Acercándose a un rústico banco de trabajo, Carlos, quien a pesar de ser un excelente pintor nunca se había atrevido a plasmar la belleza de su amada en algún lienzo, tomó algunas herramientas de madera y comenzó a darle el toque final a ese rostro. Los detalles a corregir eran mínimos, pero consumieron minutos que se transformaron en horas. Con el correr de las horas llegó la tarde y antes que ésta se cubriera con el velo de la noche los dos artistas, el escultor y el pintor, teniendo de testigo a la bella estatua, cruzaron otra mirada de complicidad con la que sellaron un silencioso pacto.

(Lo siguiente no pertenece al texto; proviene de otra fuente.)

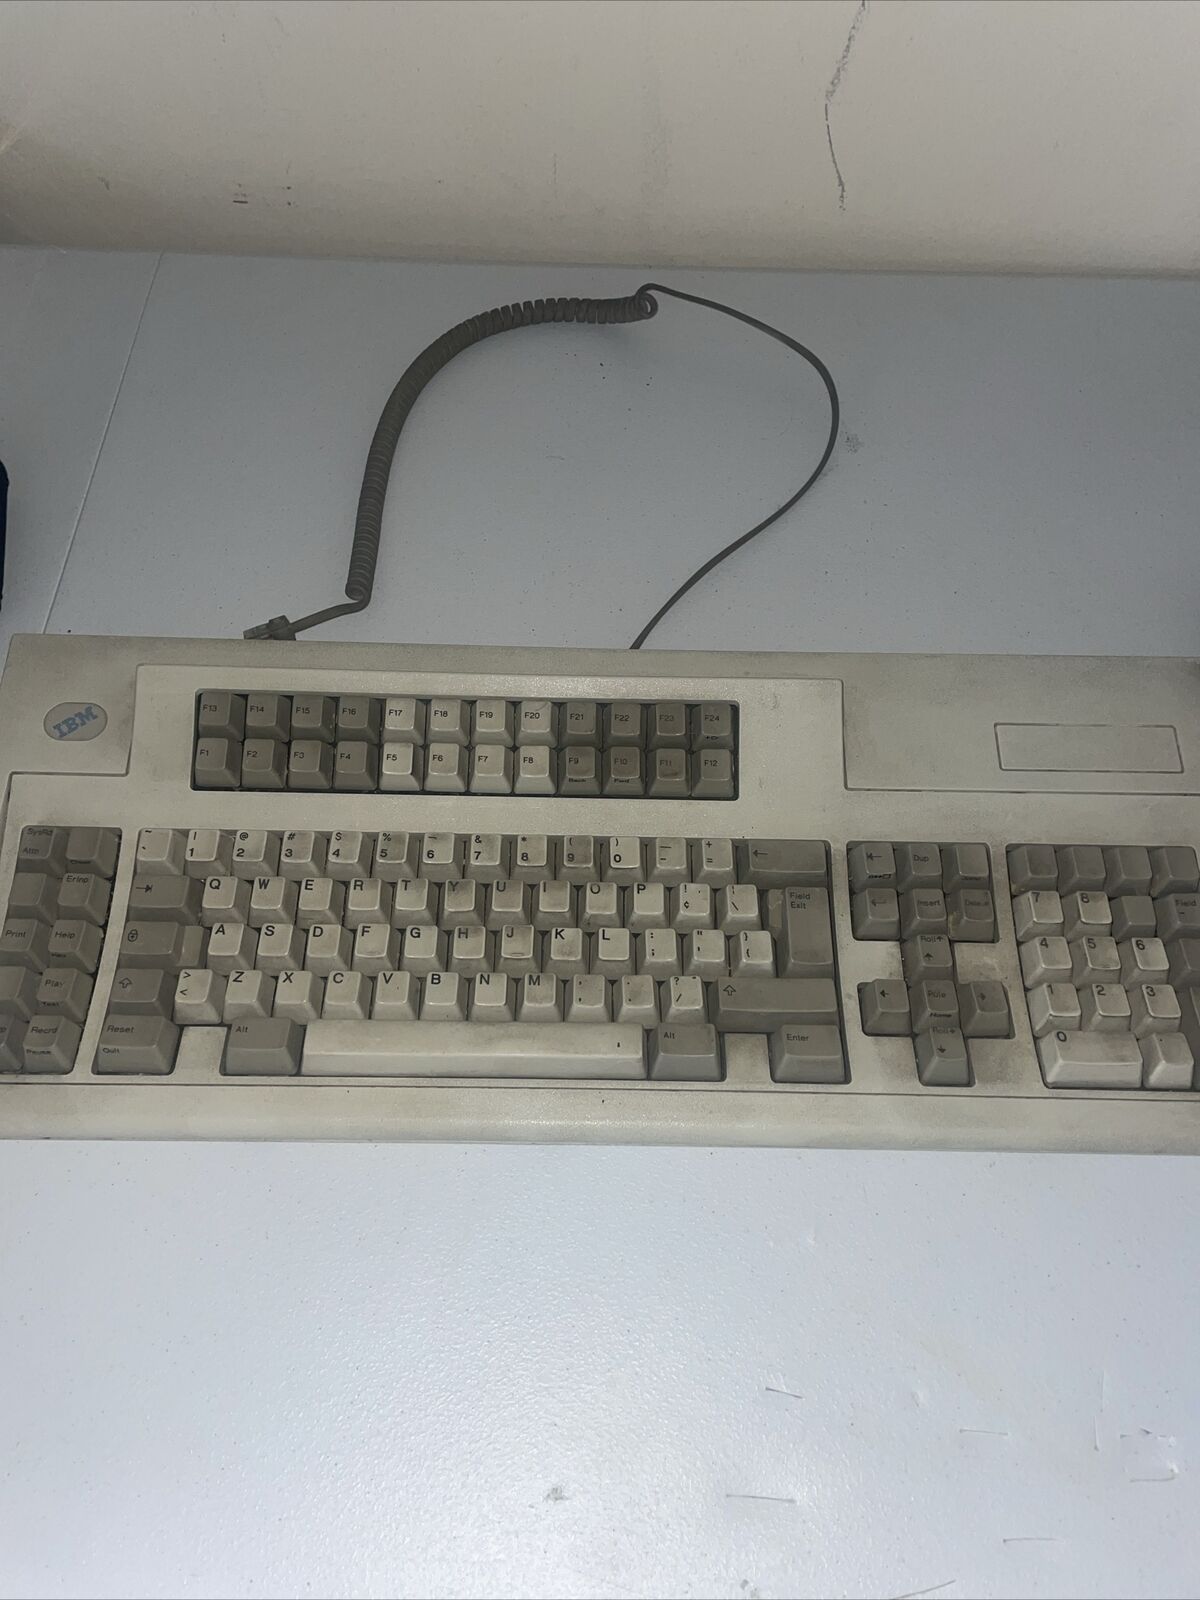 IBM Model F2 13A 1394167 Mechanical Keyboard 1996 UNTESTED MISSING KEYS UNTESTED

Cuando él llegó ella ya lo esperaba, pero no hubo ningún reproche de su parte, de hecho lo esperaba en la alcoba y ahí empezó a cumplirse el pacto convenido entre el escultor y el pintor. Ella, entre sollozos y susurros, sintió que cada centímetro de su cuerpo fue acariciado como nunca antes, sin prisas, pero sí con un moderado vigor y un pausado asombro. La habitual frugalidad de palabras del artista se diluyó entre una agitada y rítmica respiración que se transfiguró en orgásmico placer que los llevó a un reposado sueño. Todavía era medianoche cuando él se levantó, hacía calor y ella mostraba la desnudez de su exquisita espalda. Procurando no perturbar su sueño, él se acercó al balcón en busca de un poco de aire fresco, al abrir la ventana y atisbar la montaña de su morada, recordó el pacto y enseguida se encaminó hacia el taller del artista, dispuesto a cumplirlo. Cuando el alboroto de unos exaltados noctívagos la despertó, ella instintivamente buscó el cuerpo de Carlos, pero su lugar estaba vacío. Este hueco la obligó a girar su desnudez y al hacerlo percibió luz en el taller. No era su costumbre interferir en el trabajo de su compañero, pero esta vez la curiosidad pudo más y al abrir la puerta del estudio lo sorprendió absorto en una pequeña escultura. La hermosa escultura de cera, montada en una base rectangular de aproximadamente 15 por 10 centímetros, era una mujer desnuda recostada casi boca abajo, a cuyos pies estaban las diminutas figuras de las mascotas de Carlos, quien, por su polvoriento rostro y el júbilo de ellas, parecía que acababa de regresar de su paseo por el Cerro de la Bufa.